Geriye bir soru kalıyor. Prof. Dr. Serap Yazıcı Özbudun böyle bir anayasa yazar mı, anayasa yazma işinde Serap Hanıma yetki verilir mi? Benzeri ve seçmenin aklındaki başa sorulara cevap bulmak için Serap Hanımla görüştüm. Birkaç hafta sonra röportaj yapmak üzere sözleştik. Tabii ki dün (Çarşamba) yaptığımız görüşmede sözlerini yazılmamak kaydıyla dile getirdiği için herhangi bir bilgi aktarmıyorum. Bekleyeceğiz.

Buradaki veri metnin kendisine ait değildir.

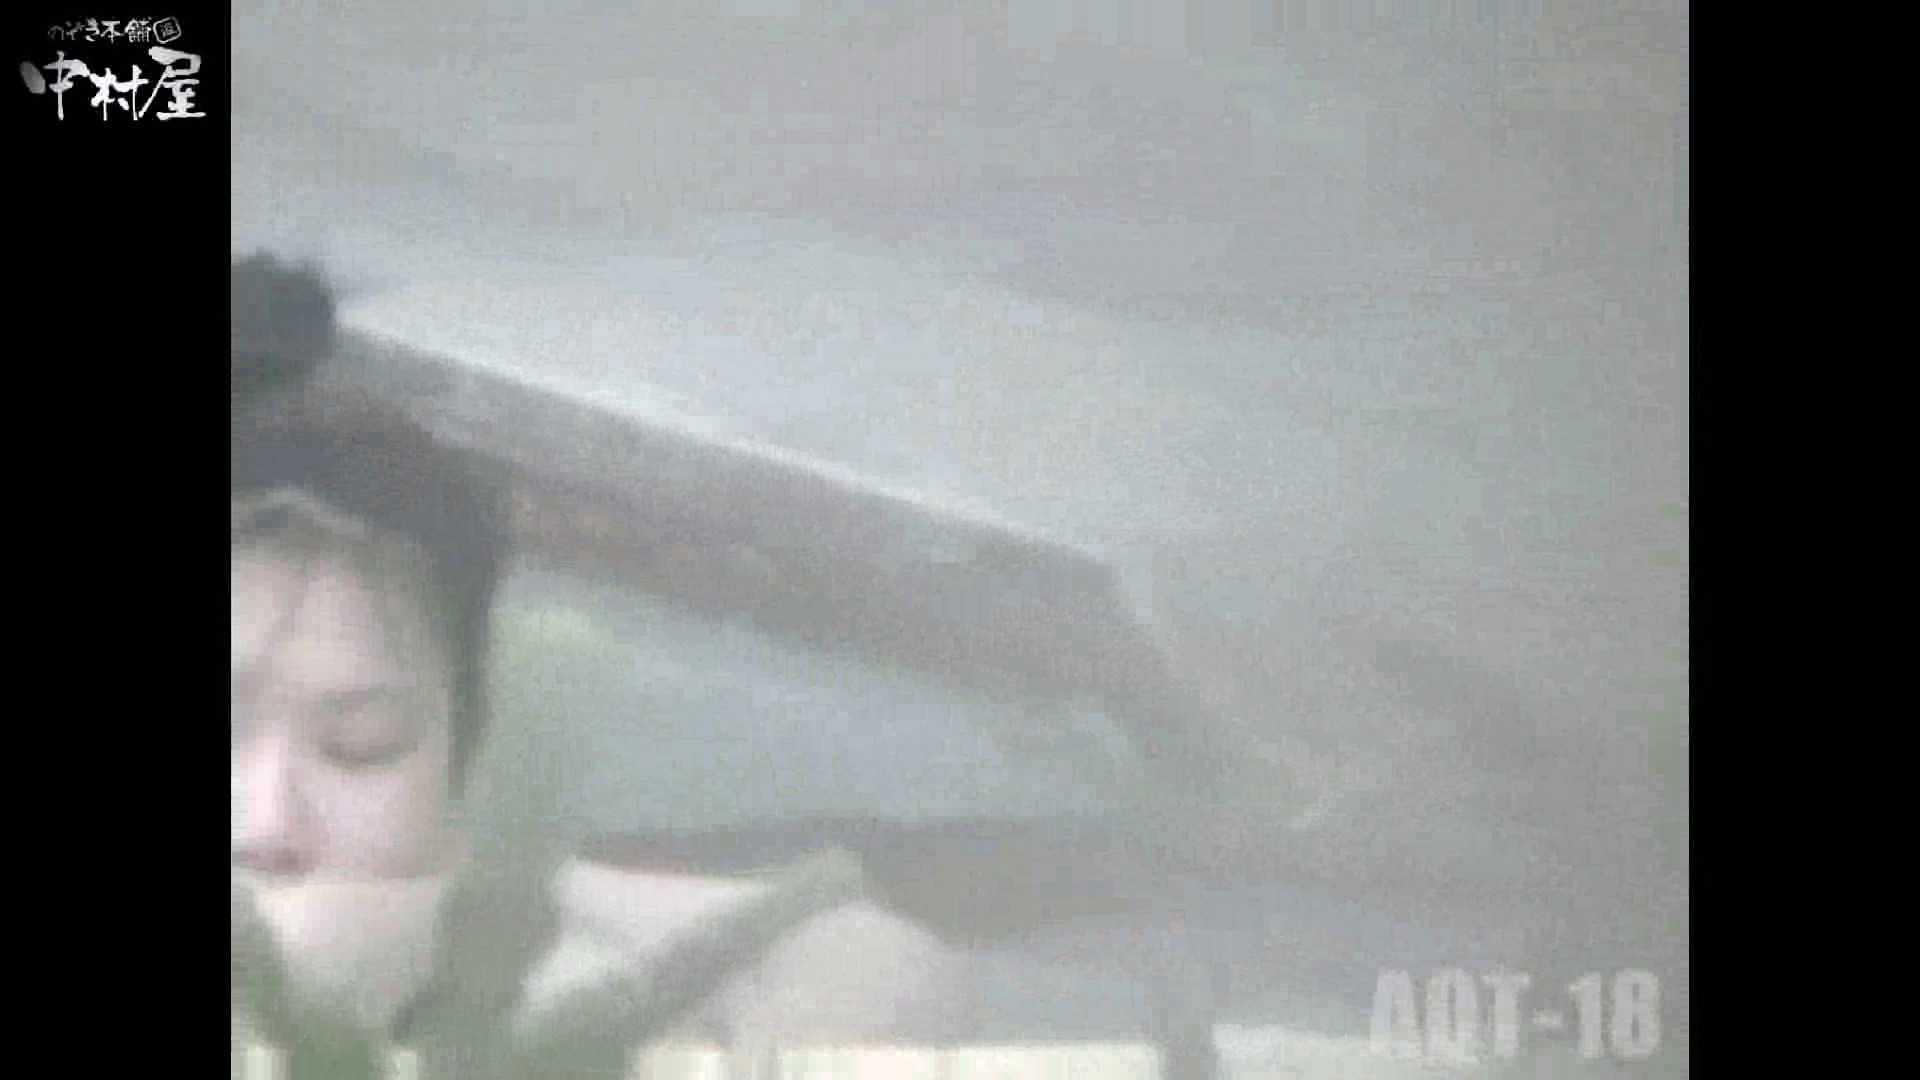 Aquaな露天風呂Vol.882潜入盗撮露天風呂十八判湯 其の二 盗撮 隠し撮りオマンコ動画紹介 39連発 11

Türkiye Yüzyılı iddiasının muhalefetsizleştirilmiş bir ülke hayali olduğu anlaşıldı. Belki sevgili dostu Putin’in Rusya’sı gibi ‘çıtı çıkmayan’ muhaliflerden, belki Suud gibi çıkar ilişkisine dayalı itaatkar muhaliflerden ibaret bir ülke hayali. Aylardır dinmeyen operasyon ve yargı fırtınası bu hayali gerçekleştirme adımları. İBB Başkanı Ekrem İmamoğlu’na açılan onca dava, 25 yıla varan hapis cezası istemleri, apaçık usulsüzlük görüntülü Kongre yaptığı halde CHP’nin son olağan Kurultayına “şaibe yaftası” yapıştırmak için tüm imkanların seferber edilişi, hayale uluşmak için atılan adımların sona yaklaştığı düşüncesinin Erdoğan’da kuvvetlendiğini gösteriyor. Güçlü ve politika üretebilen, lider sultasına pabuç bırakmayan bir yapı olarak kurulmuş AKP’nin içini boşaltıp, siyasi parti olmaktan çıkartıp, kendisini rakipsiz kıldığı gibi ülkeyi de siyasi rekabetten yoksun bırakma niyetinde. Seçmen eğiliminin geldiği bu aşamada ancak rakipsiz veya tavşan rakiple gireceği bir seçim yarışını kazanabileceğinin farkında.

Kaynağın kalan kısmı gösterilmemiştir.